Vulpesveritas, on 19 March 2013 - 08:24 AM, said:
Whelp AMD gets to keep the hobbyist crowd maybe then? I guess we'll see, won't we. Though Intel will probably keep LGA for their flagship superchips on the extreme profiling for enthusiasts I would think.
Vulps you're alive! I was getting worried you'd fallen off the face of the earth.
You know, if AMD can catch their breath and re-energize when Broadwell hits then that fact may well put them back in , or on top, of the gaming market. Here's crossing our fingers....
WardenWolf, on 19 March 2013 - 08:54 AM, said:
I doubt Intel is going to move to a non-upgradable CPU platform on *desktop* processors any time soon.

The problem is that this happened accidentally with Haswell went it was debuted. At Intel's Developer convention they came out demonstrating a BGA board in their demo systems. An when they were asked about it they were mum on the subject. Speculation and outrage ensued until they came out and stated that those initial CPUs were engineering samples and were intended mainly for the laptop market.

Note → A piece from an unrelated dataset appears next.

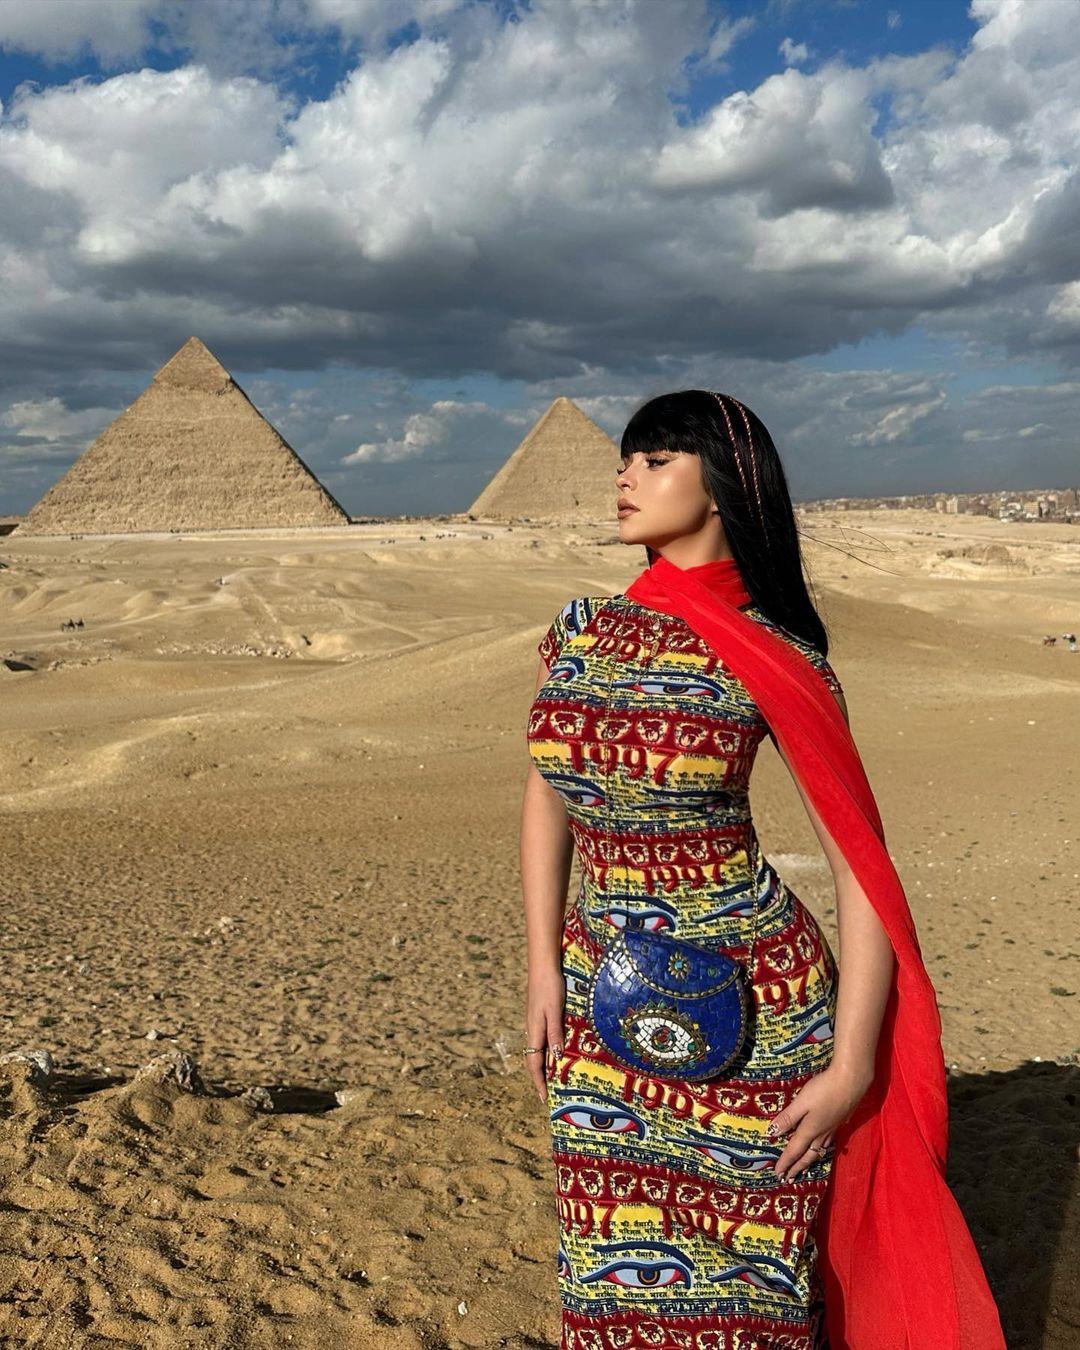 Demi Rose striking a pose in front of a pyramid in Egypt.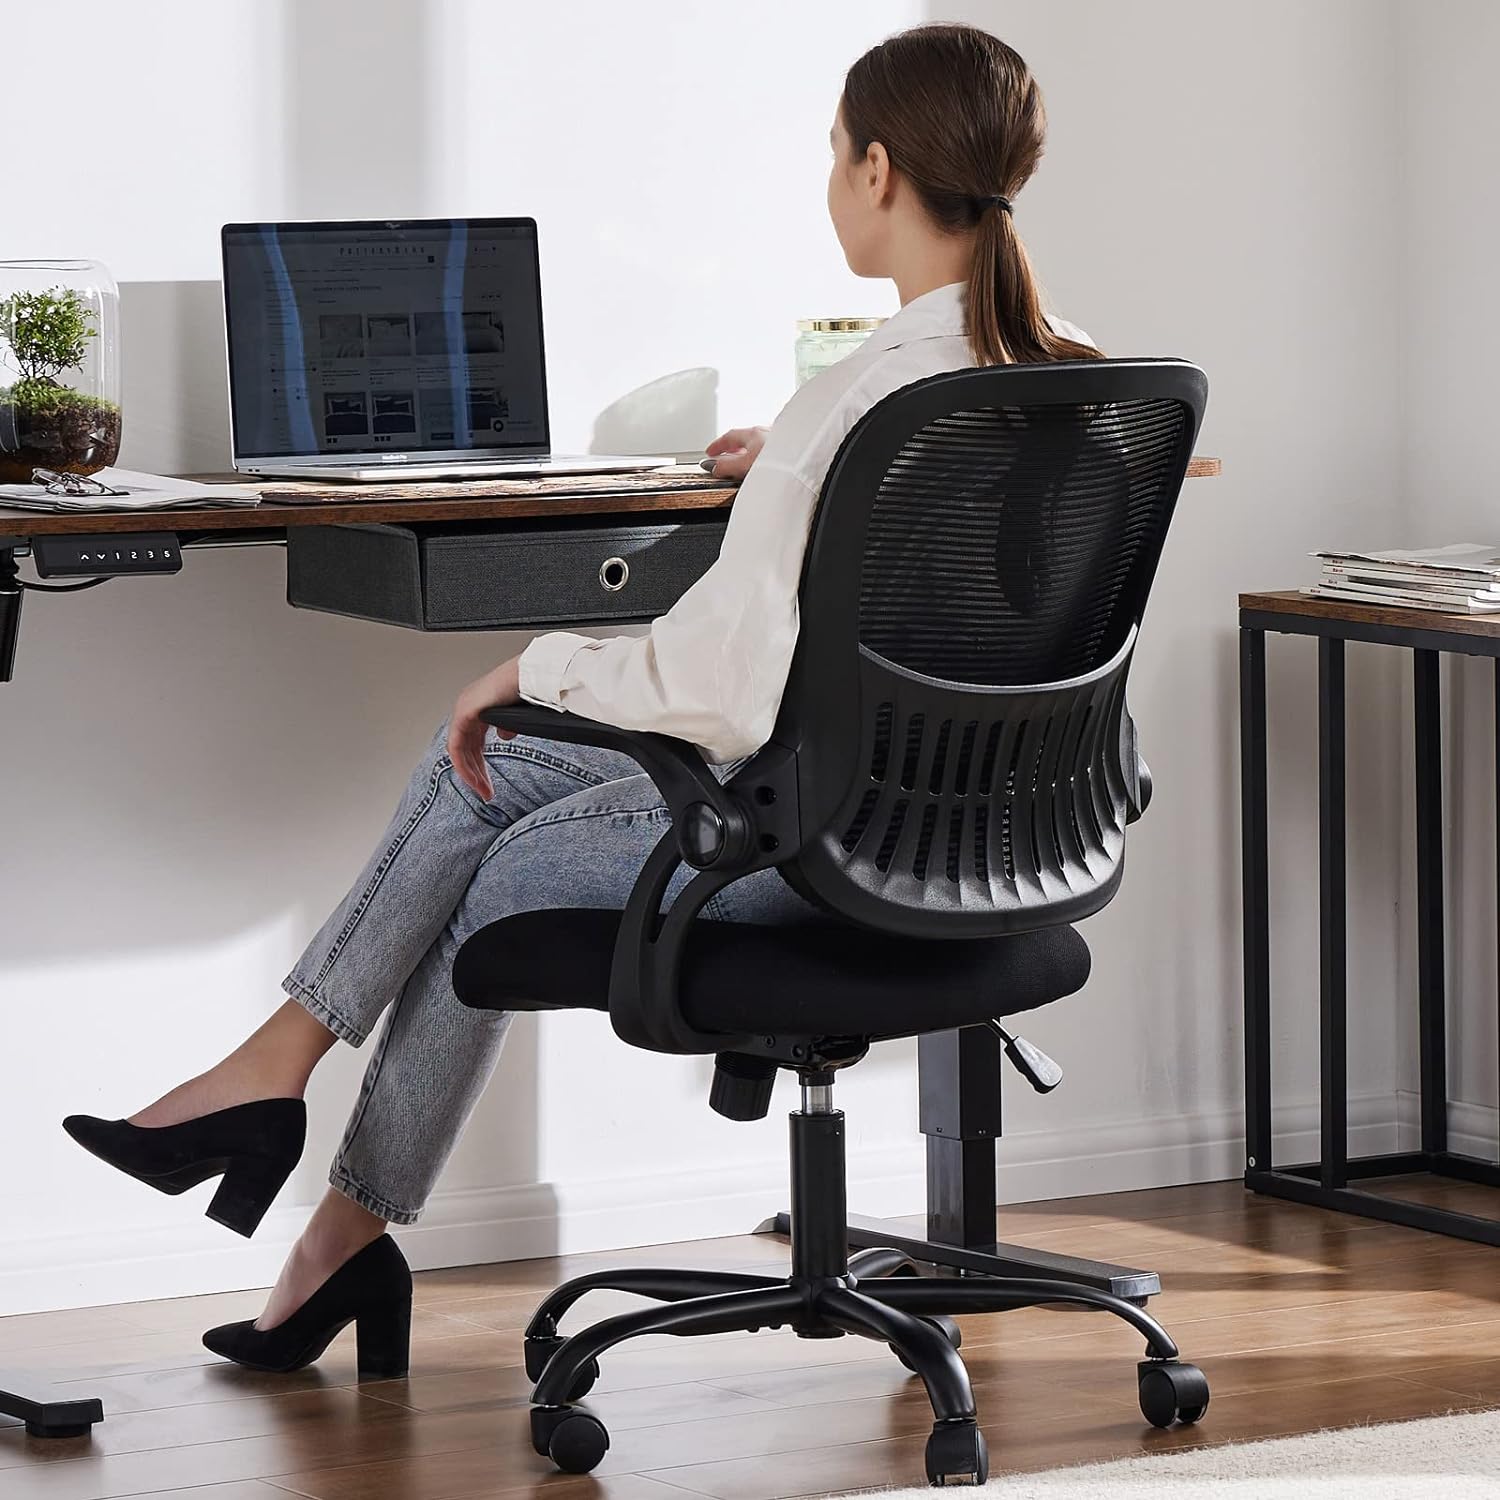 https://bigbigmart.com/wp-content/uploads/2023/12/Sweetcrispy-Office-Computer-Desk-Chair-Ergonomic-Mid-Back-Mesh-Rolling-Work-Swivel-Task-Chairs-with-Wheels-Comfortable-Lumbar-Support-Comfy-Flip-up-Arms-for-Home-Bedroom-Study-Student-Black6.jpg

However, this one is different. Intel has already come out and stated that Broadwell will be BGA, yet they also hinted that there are other possibilities.
As Vulps mentioned, BGA CPUs could well be intended for mainstream system builders like Dell and everyday users in the mid range. While enthusiast flavored parts would still be culled from their XEON line and still offered in a PGA basis. Think 1155 vs 2011 parts.
Or as a example. If you're building a machine then the low and mid range selection for Broadwell would be similar to your current 1155 Sandy/Ivy Bridge, only BGA means your CPU and Motherboard are sold as one and are not upgradeable. The enthusiast realm would be like jumping into the socket 2011 X79 chipsets with Sandy & Ivy Bridge. Pricier but far more capability and of course upgradeable.
But Intel has done something similar with BGA (type CPUs) before. Anyone remember how the Pentium III slot 1 design worked.....
http://en.wikipedia.org/wiki/Slot_1
From what I've seen and been told at the conferences, is that with the huge trend toward heterogeneous CPU cores, is that the shear numbers of possibilities mixing CPU cores with GPU/RISC/APU/ATOM/ARM...(or even some of the newer SoC) etc. Would mean that the Pin Grid Arrays couldn't keep up with the changes. MB makers would have to design and develop huge inventories of boards just to chase the wildly varying CPU designs.
Edited by Bad Karma 308, 19 March 2013 - 11:51 AM.